A promising future variant of aquaculture is the combination with horticultural production, called aquaponics (Palm et al., 2024). Residual material streams from aquaculture and plant production, such as aquaponics or stand-alone nearby greenhouse crop production, might offer promising energy potential for co-digestion (Zhu et al., 2021).

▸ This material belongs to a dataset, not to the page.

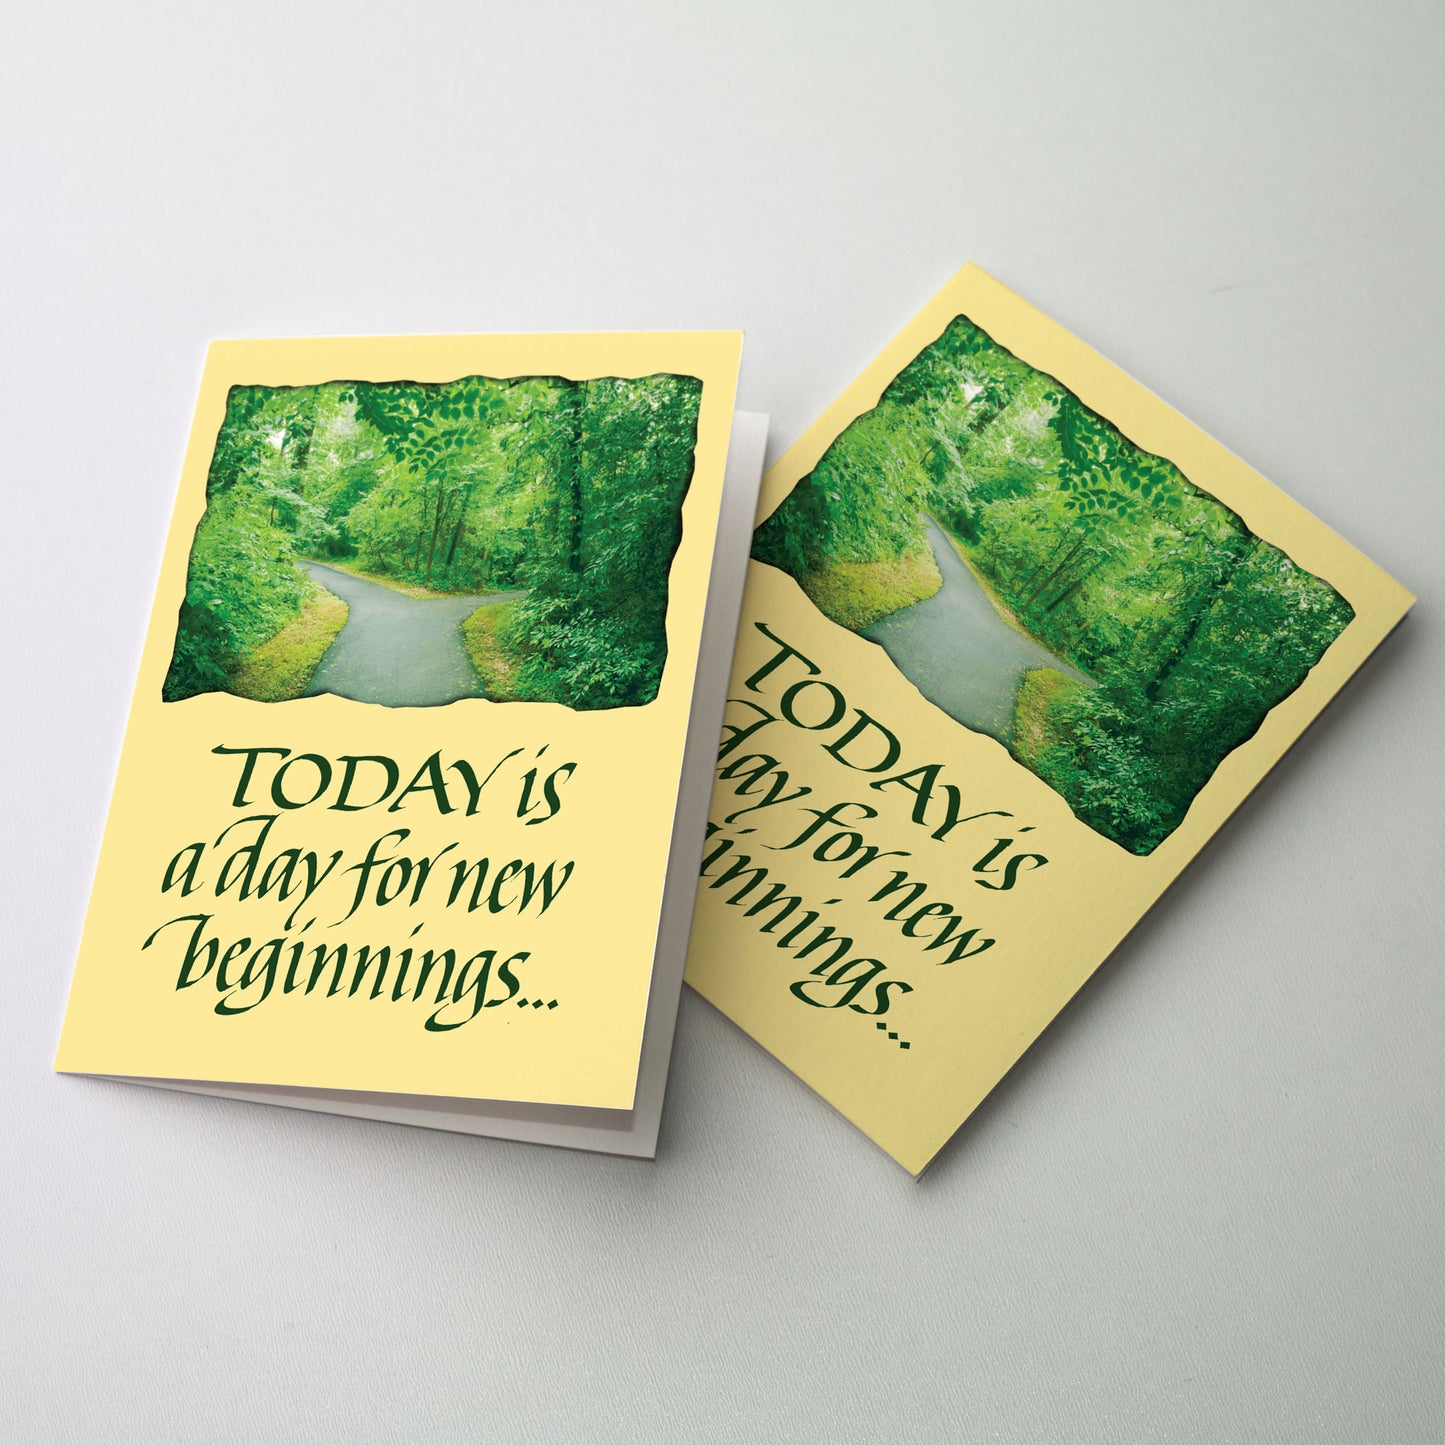 Today is a day for new beginnings - Transfer/Moving Card
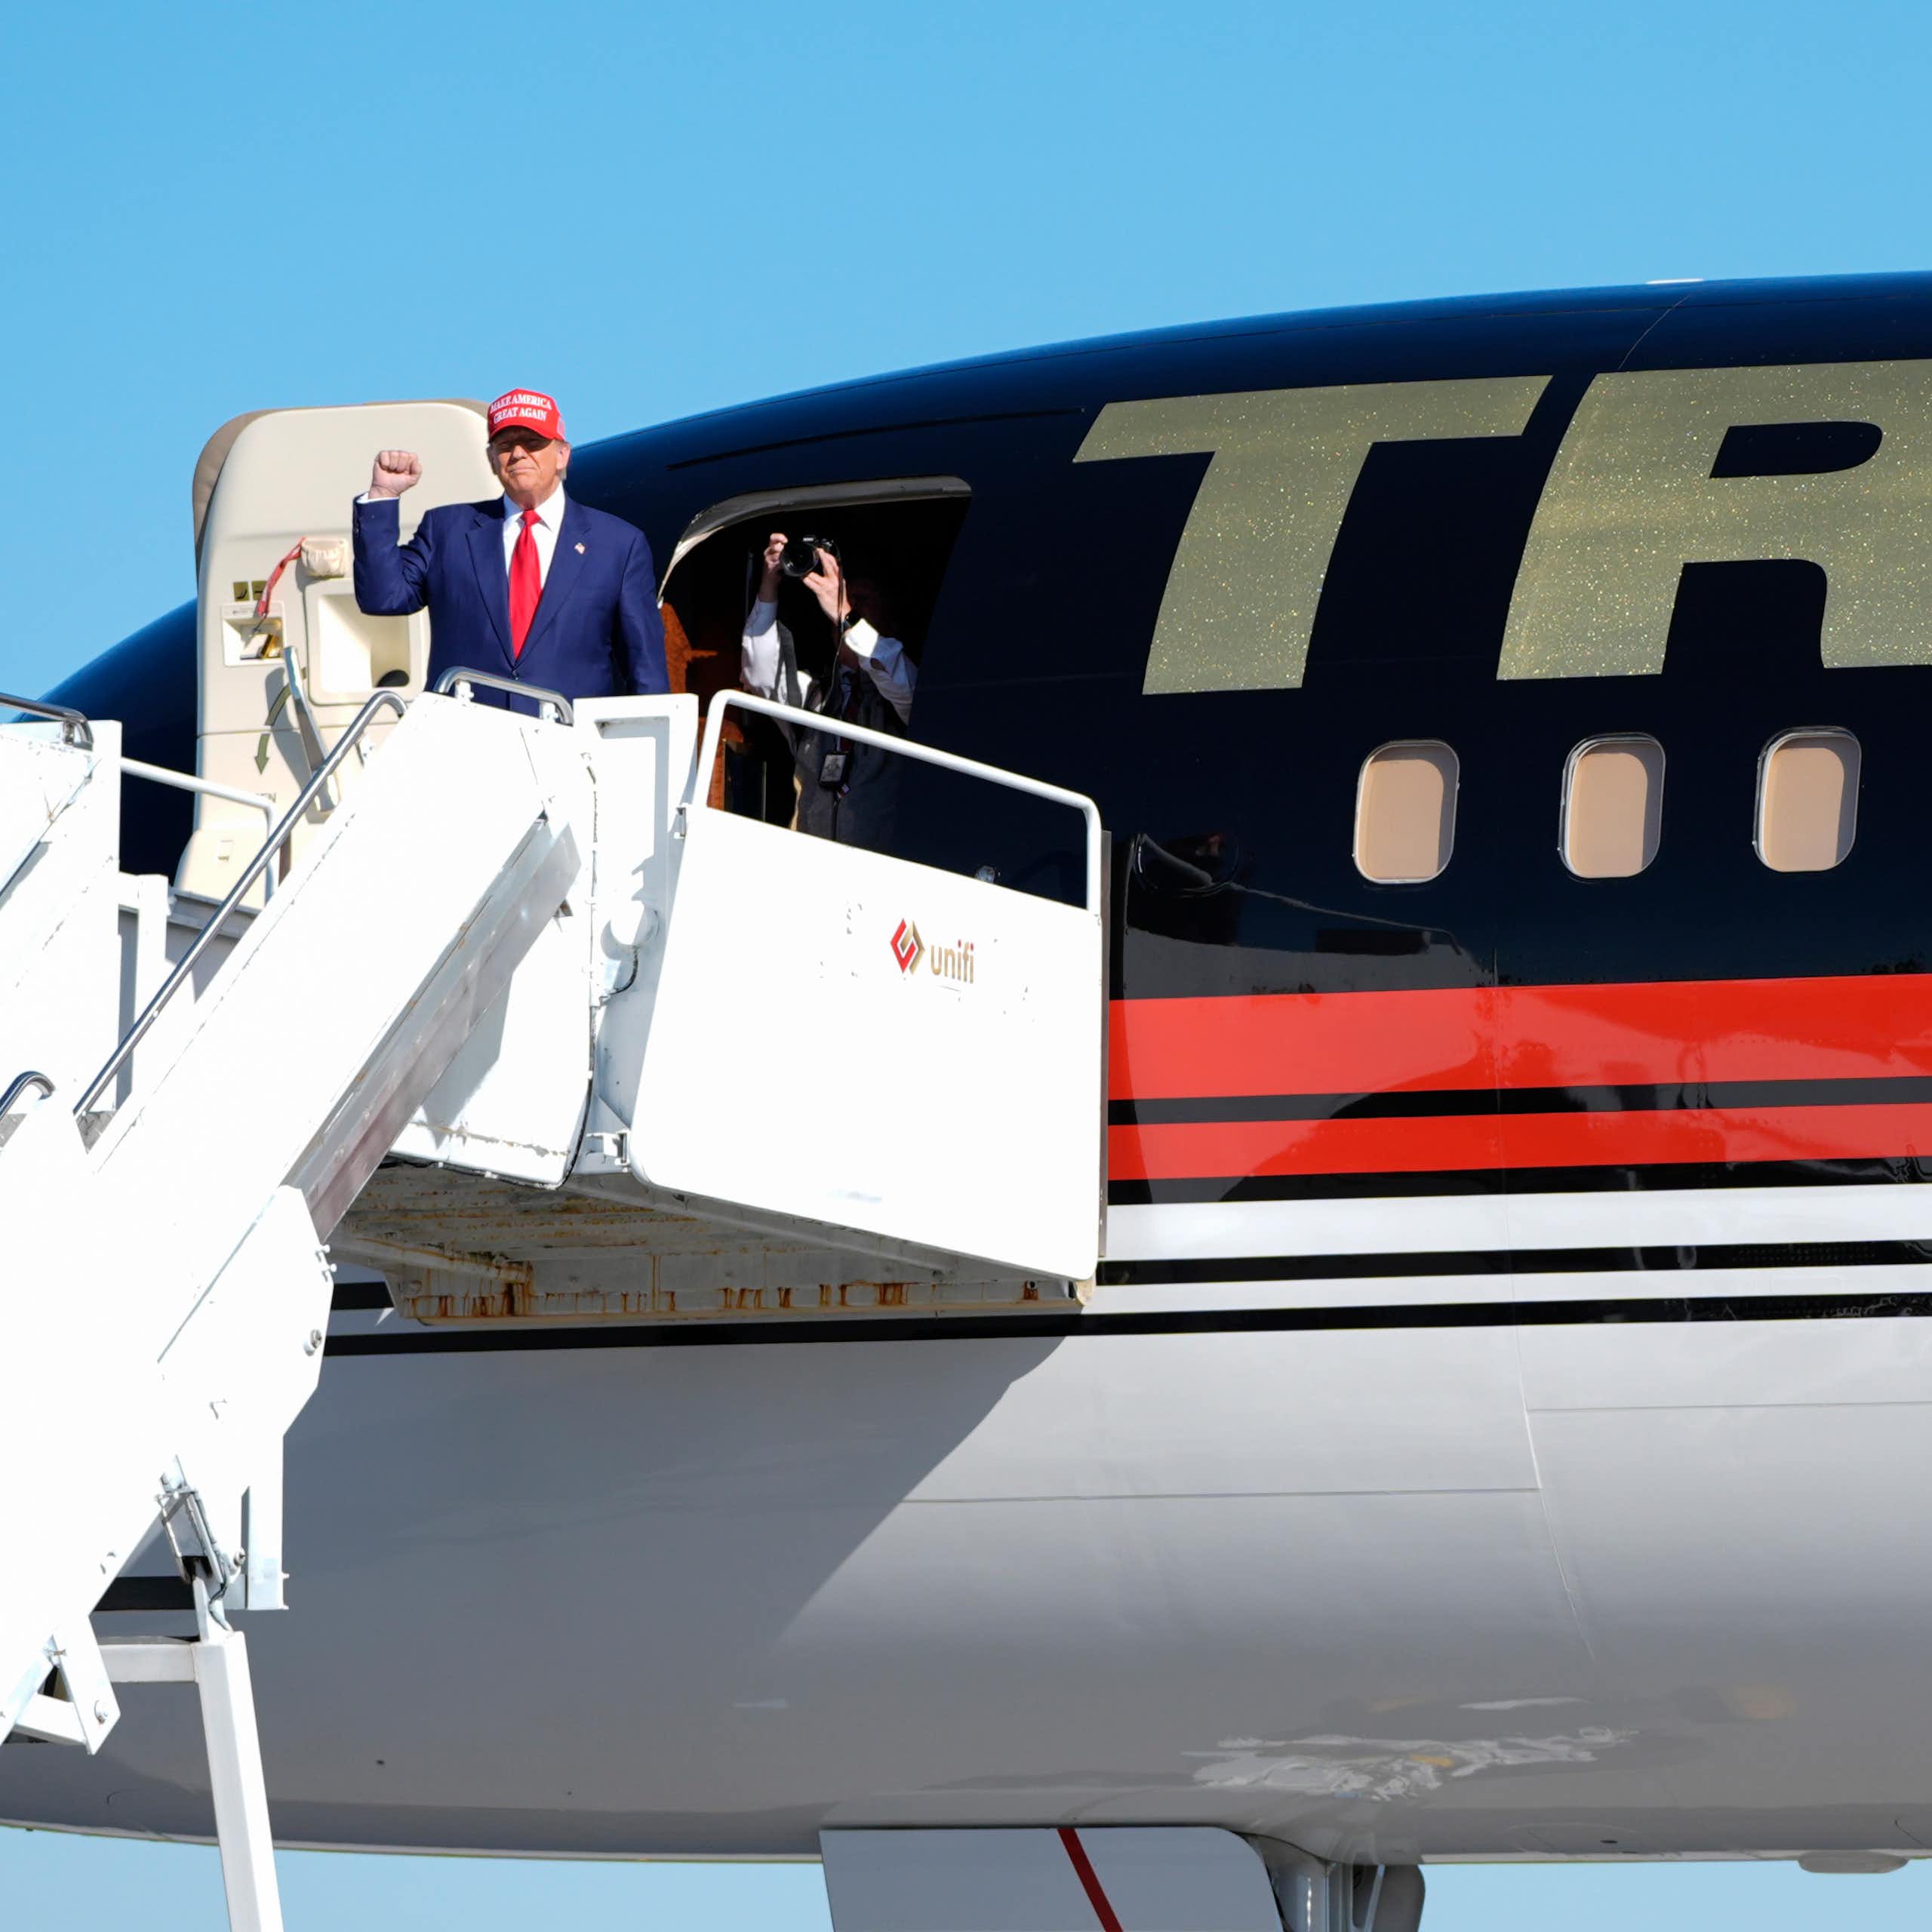 A man in a blue suit wearing a red ball cap raises his fist while disembarking from a plane that as a large Trump on its fuselage.

In UASB and related reactors, however, co-digestion with substrates rich in solids is only possible with a very high technical effort. Upstream hydrolysis and separation processes would be conceivable (Tassew et al., 2019). This study examines to what extent the widely used Continuous Stirred Tank Reactor (CSTR) reactor type can be used for African catfish RAS sludge. Prior to this, batch tests were carried out in order to determine basic and comparative data. An additional UASB test provides an indication of the methane yields of commercial African Catfish RAS sludge under mono-fermentation. Implications on the potential use of African catfish sludge in Biogas plants, without or in combination with plant production (aquaponics), are discussed.

2 Materials and methods

2.1 Substrates investigated

The primary substrate, AQ sludge, originated from an aquaculture facility in Mecklenburg-Western Pomerania producing around 300 t of African catfish annually. This sludge was extracted with a pond suction cleaner (Oase Pondovac 4, Conrad Electronics, Hirschau, Germany) from the sedimentation units before the daily cleaning procedure. The sludge suspension was placed in 60 L lidded barrels in a cooling chamber overnight at 4\u00B0C° to facilitate further sedimentation of solids. Through decantation of the supernatant after a 24 h rest in the barrels the dry matter content was increased and adjusted from 0.8–2% to 3.7–5.2%. The leftover sludge from different barrels was then thoroughly mixed to achieve a homogenous product.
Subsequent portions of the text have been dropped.